Orange trees and gastronomy in Seville
With the start of the industry around the orange, the city opened a bid for companies for the collection and exploitation of Sevillian orange trees. With the planted on the outskirts of the city fields, turned to orange on one of the products with higher economic impact in Seville. Although many recipes in the best tapas bars in Seville include bitter orange as an ingredient, you should not take a bite to the fruit…
The fruit of Sevillian orange trees is too bitter for fresh consumption. From this principle began the new forms of exploitation. The bitter orange is used for production of liqueurs such as Curaçao, Cointreau or orange wine; and it is also very handy for making confectionery like creams, pastries and chocolates. But above all, gastronomy and oranges in Seville are related with the British marmalade.

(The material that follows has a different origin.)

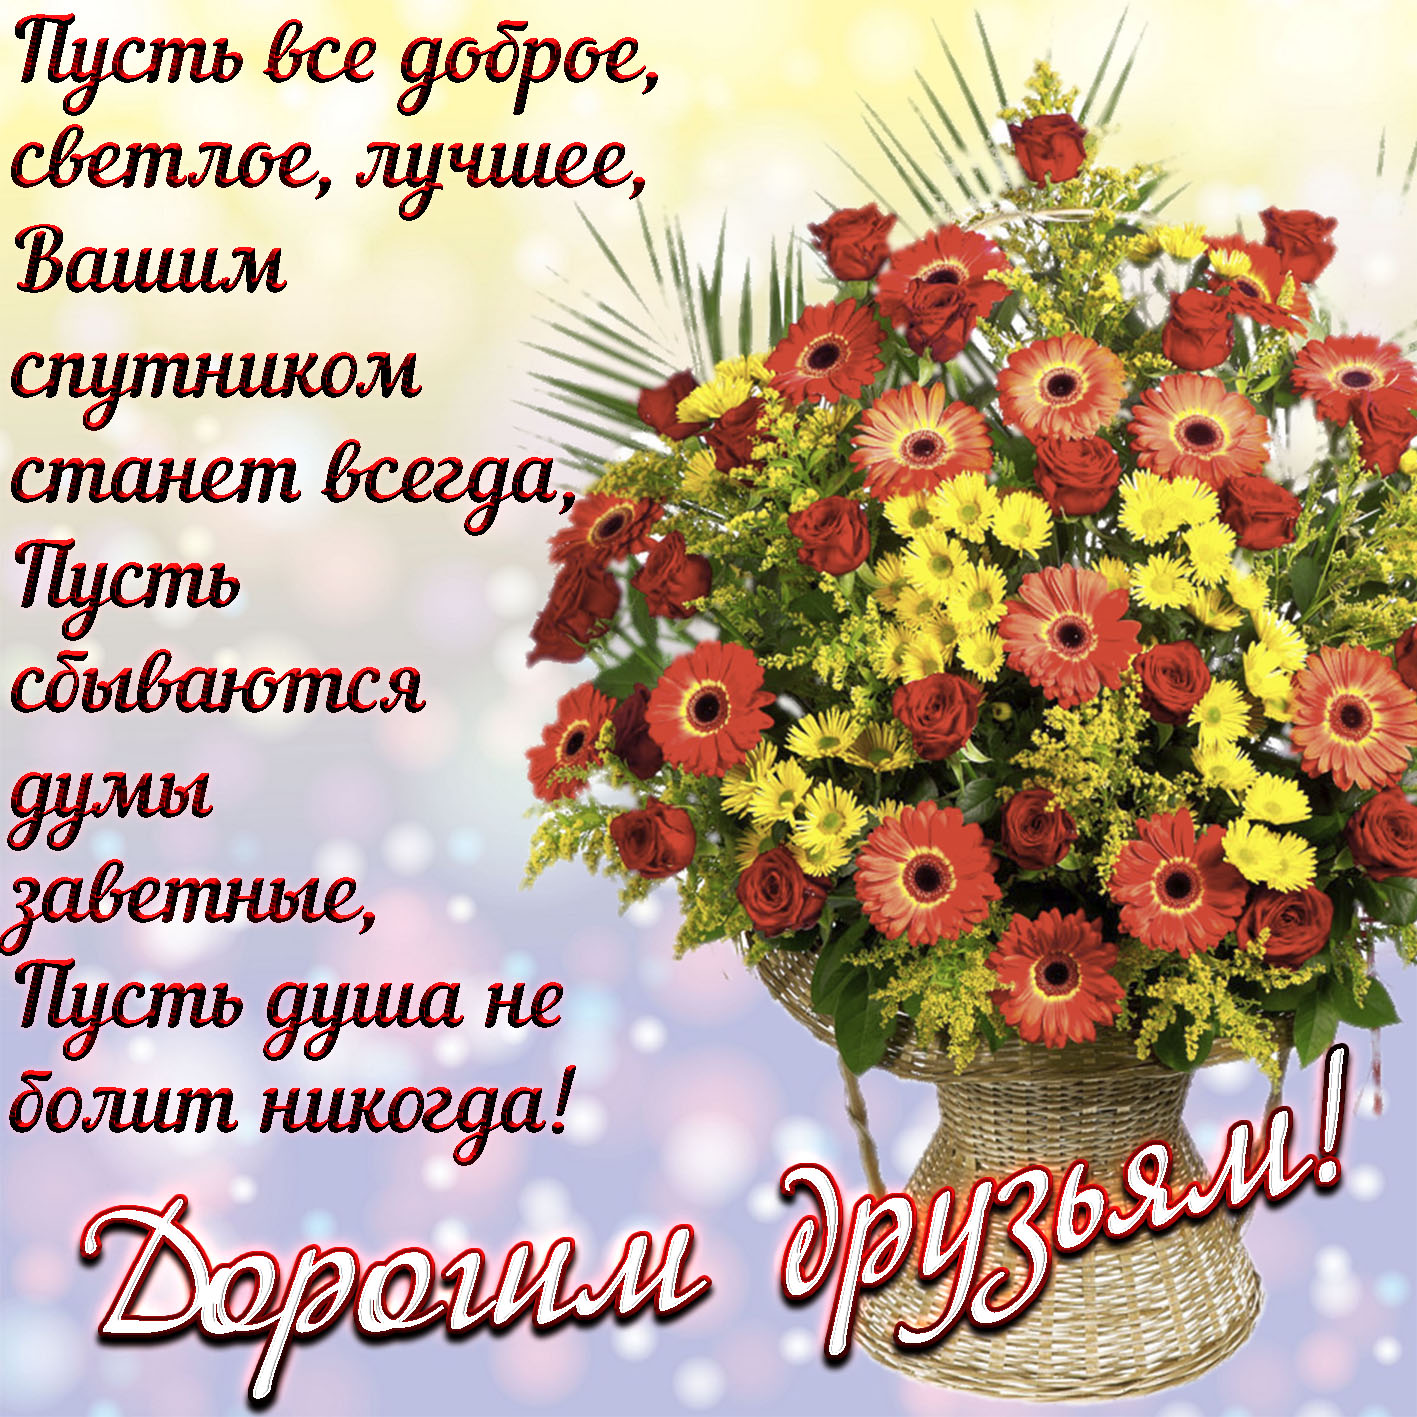 Поздравление душевному человеку. Открытки с пожеланиями. Красивые открытки с пожеланиями. Krasivye pojelaniya. Поздравления на каждый день в картинках красивые.
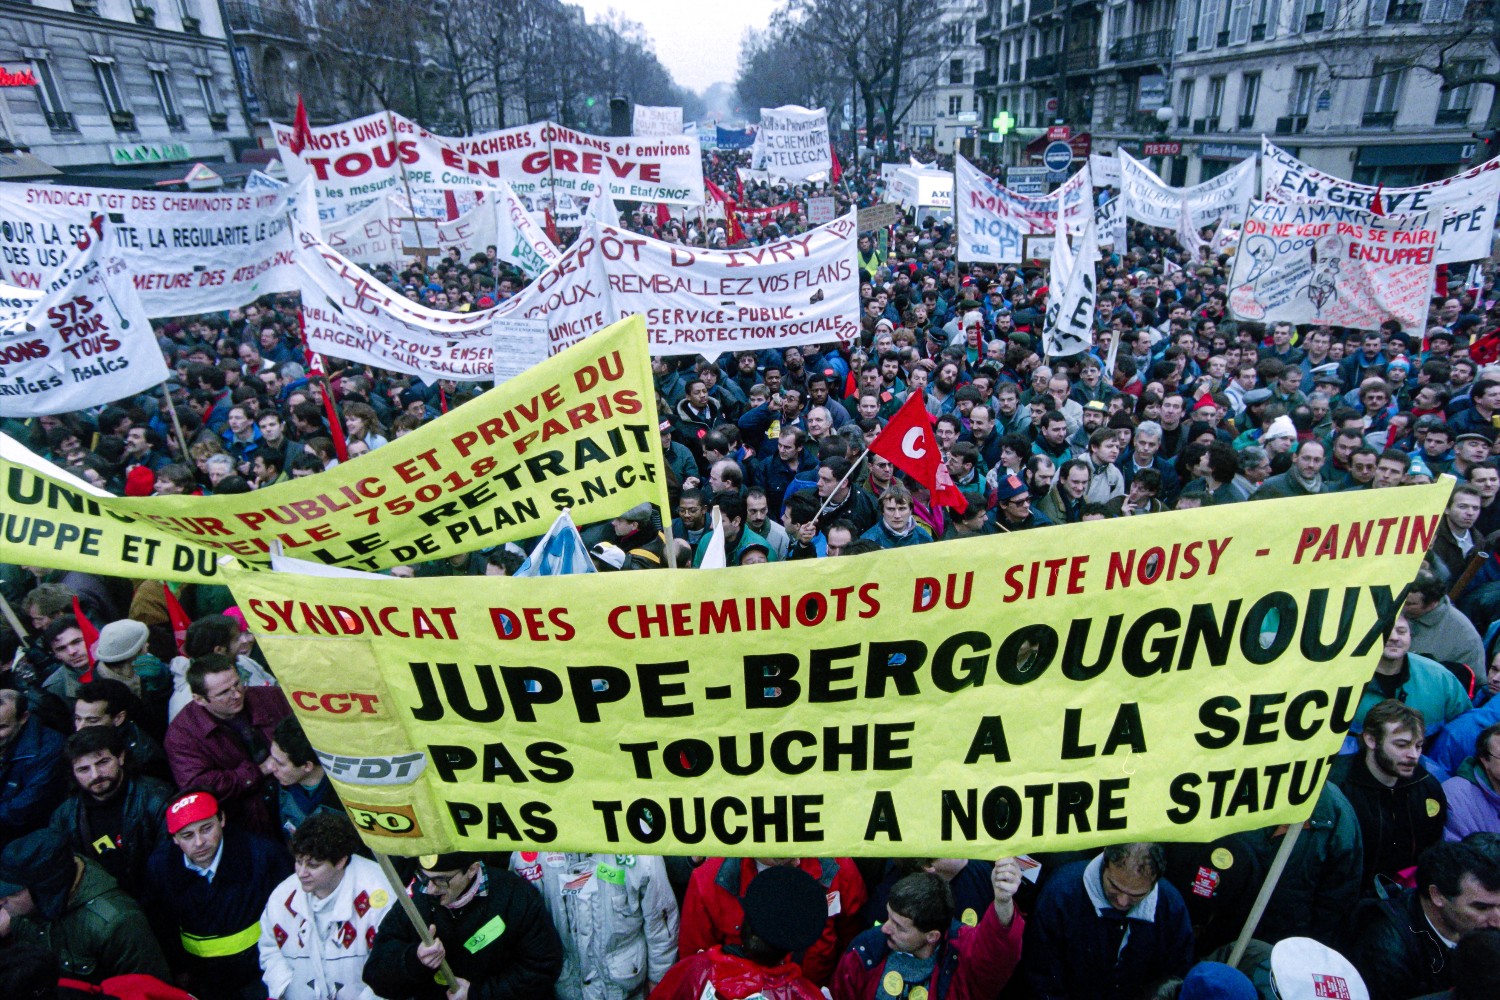 retraites lannee 1995 reste t elle la reference des syndicats en matiere de greves et de manifestations

Sevillian oranges and British marmalade
The first British that had known a product that is in the pantry of Buckingham Palace today, were the Scottish crew of ships sailing south to trade with minerals. The marmalade that was prepared with bitter orange was the mainstay of an entire industry that grew to saturate the market.
Production exceeds the maximum consumption of the product today, which is mainly based on the production of marmalade for the British breakfast. They appreciate it so much and it is so widespread that it is the only jam known as marmalade. The only marmalade in England and other British countries is therefore the Seville Orange Marmalade called, made exclusively from Seville oranges and, it is said, and we have said, the favorite of the Royal Family.